Se usi .xinitirc ti basta mettere adesklets come ultima riga.... prova io con gnome nn ho mai avuto problemi

nn so se ci va la & in fondo prova in entrambi i casi

----------

## otaku

 *mc619 wrote:*   

> Se usi .xinitirc ti basta mettere adesklets come ultima riga.... prova io con gnome nn ho mai avuto problemi
> 
> nn so se ci va la & in fondo prova in entrambi i casi

 

avevo gia provato questa via.. ma con scarso successo a quanto ricordo...

cioè cosa devo includere in quel file oltre ad adesklets?

----------

## mc619

tutto quello che vuoi far partire con x tipo xscreensaver se lo usi, idesk etc.... e in fondo ci metti adesklets

nn so se anche lui con la & o no ---> prova

Edit: scusa, naturalmente magari nn sai come si usa .xinitrc.... in cima devi (metterci nel tuo caso) exec startxfce4 e sotto tutto il resto

----------

## redview

io ho questo problema:

uso kde e le desklet mi vengono caricate sullo screen 0.

mi spiego.

lancio la desklet con ./nome_desklet.py. parte ma nn la vedo. se chiudo kde prima che X sia chiuso completamente la vedo nell'angolo in alto a sinistra.
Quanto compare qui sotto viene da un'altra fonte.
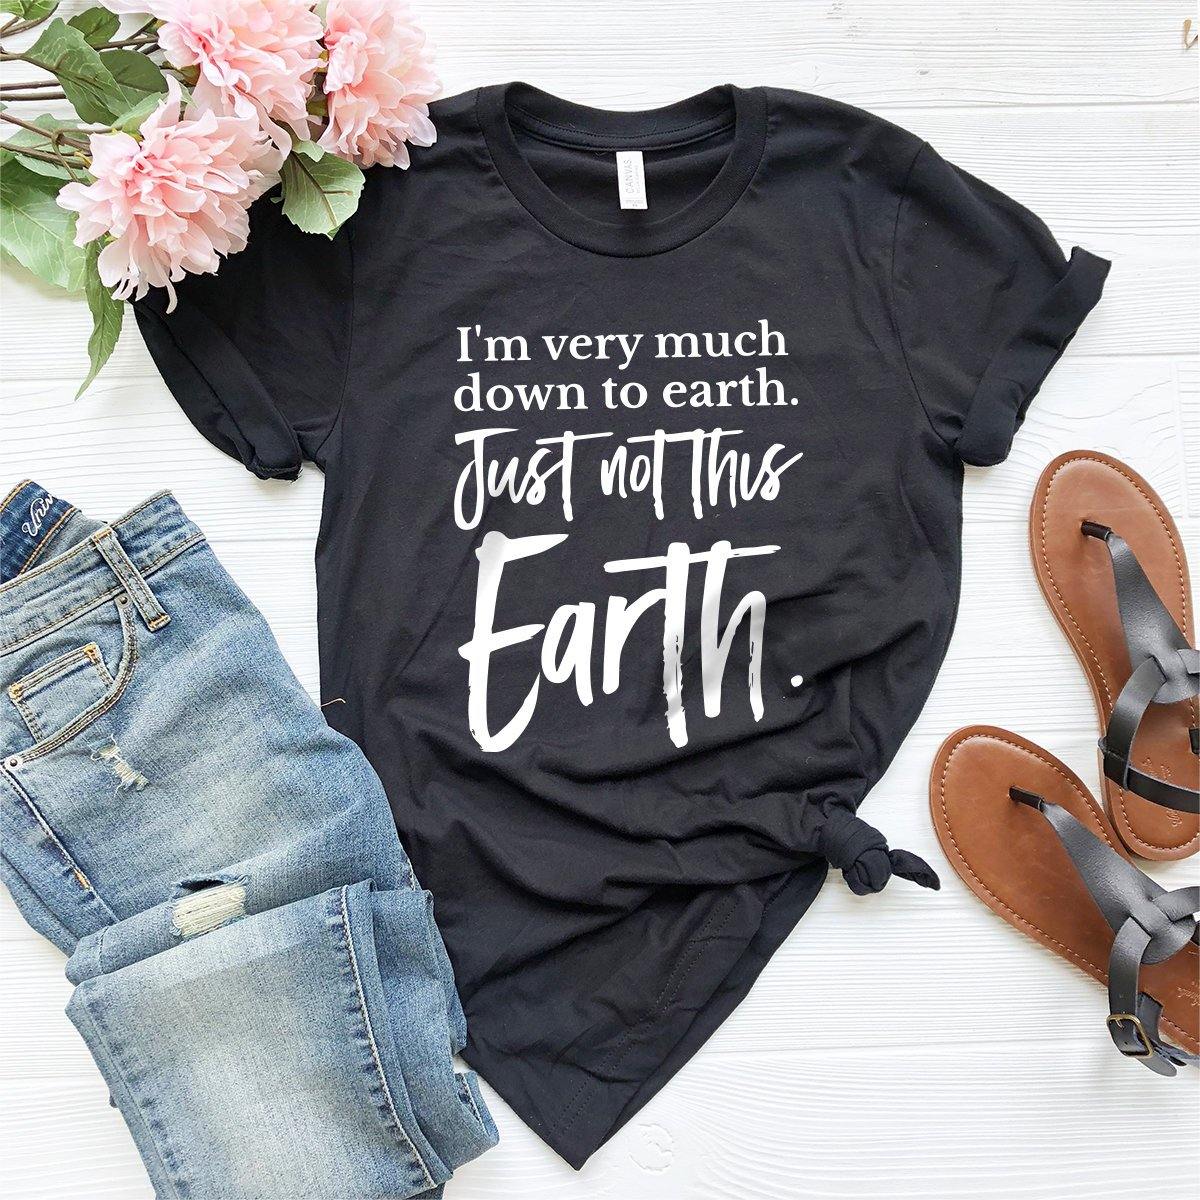 Karl Lagerfeld Quote T-Shirt, Karl Lagerfeld Fan Shirt, Inspirational Saying Shirt, I'm Very Much Down To Earth Just Not This Earth Shirt - Fastdeliverytees.com

ho provato a lanciarla, poi killarla, modificare il file nella home .adesklets, mettere screen=1, dare il comando adesklets, ma niente: la desklets parte, ma nn si vede ancora.

ho fatto prove con asimpleclock e calendar.

suggerimenti?

grazie

----------

## flocchini

Ricordo qualcosa di inerente nelle faq sul sito ufficiale... Provato a dare un'occhiata?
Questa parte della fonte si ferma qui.